# What this task involves
Transcription, pictures excluded: write out the data below exactly.

# Dataset content

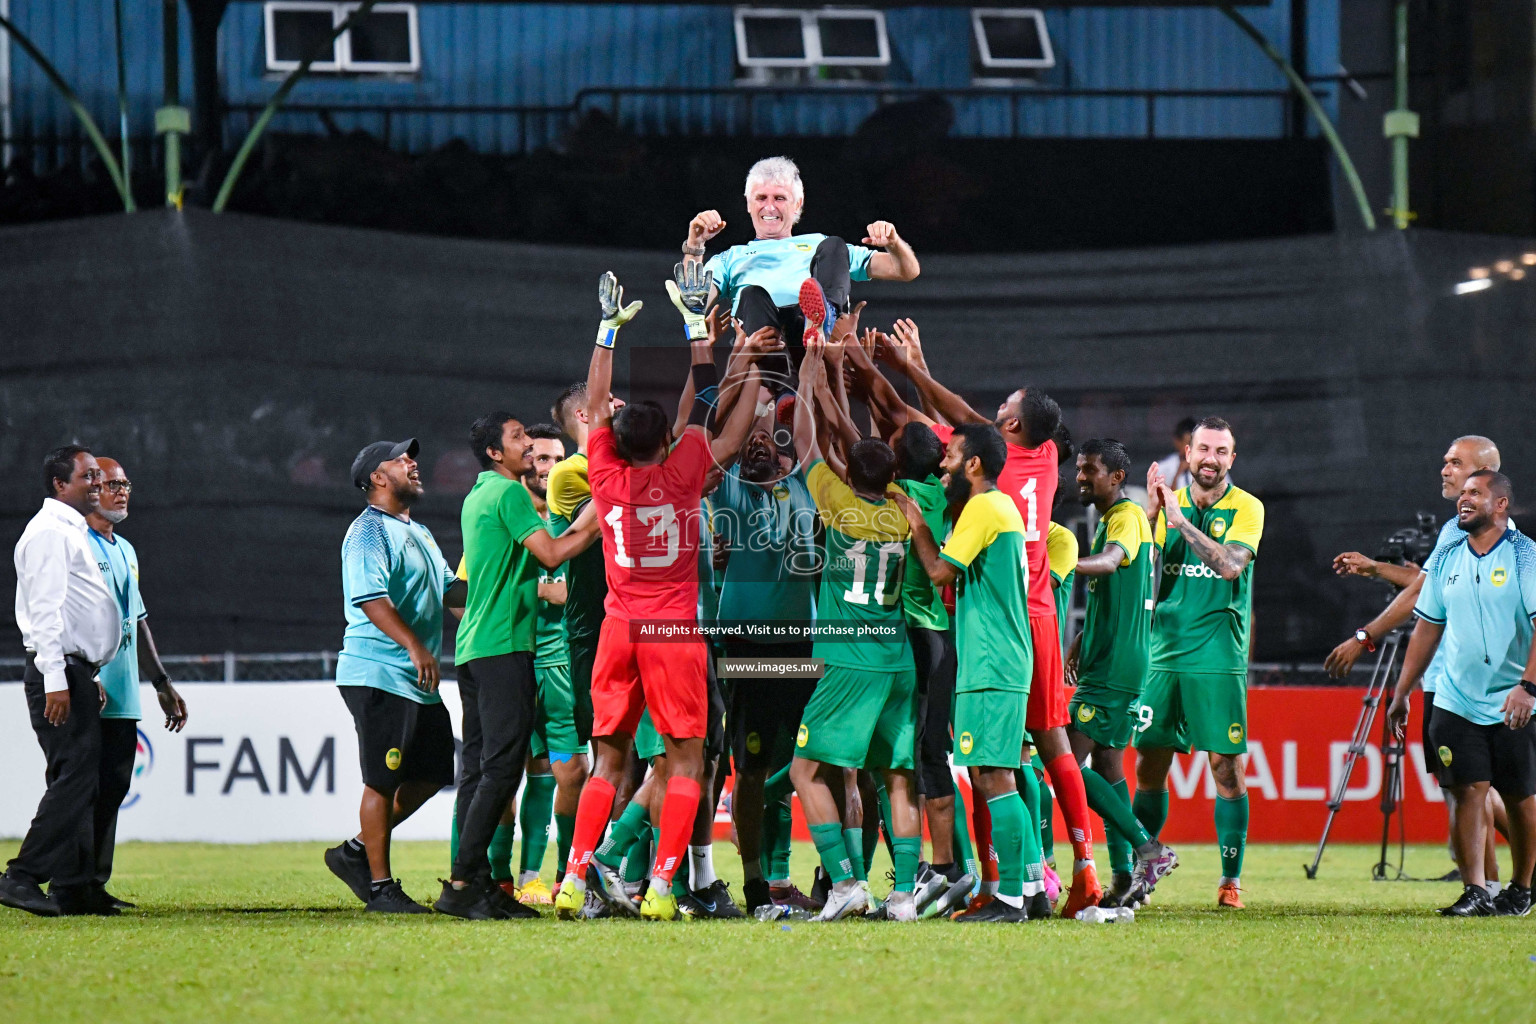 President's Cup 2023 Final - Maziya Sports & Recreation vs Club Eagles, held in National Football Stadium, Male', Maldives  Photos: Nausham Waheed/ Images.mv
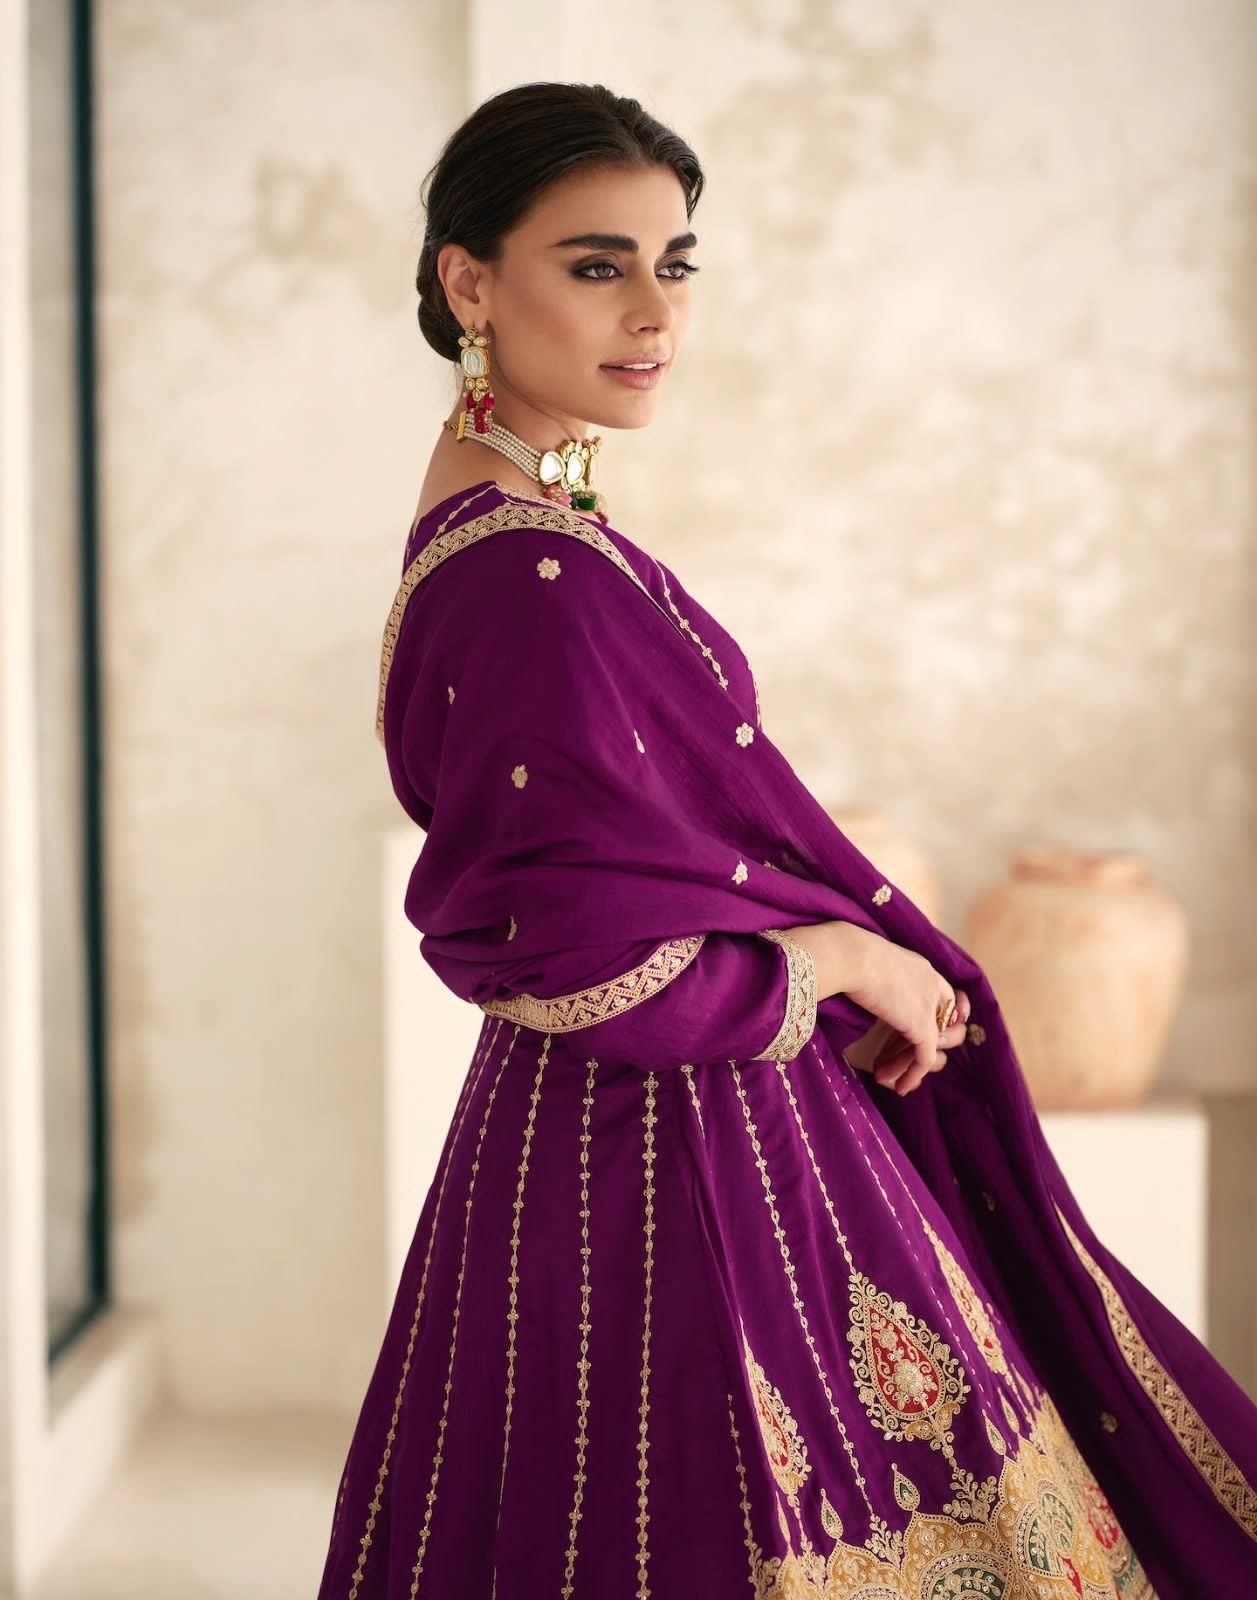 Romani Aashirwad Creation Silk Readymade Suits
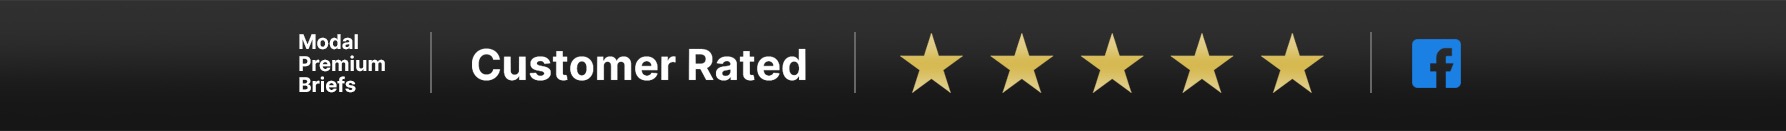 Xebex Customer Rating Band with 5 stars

# Task solution
 President's Cup 2023 Final - Maziya Sports & Recreation vs Club Eagles, held in National Football Stadium, Male', Maldives  Photos: Nausham Waheed/ Images.mv
 Romani Aashirwad Creation Silk Readymade Suits
 Xebex Customer Rating Band with 5 stars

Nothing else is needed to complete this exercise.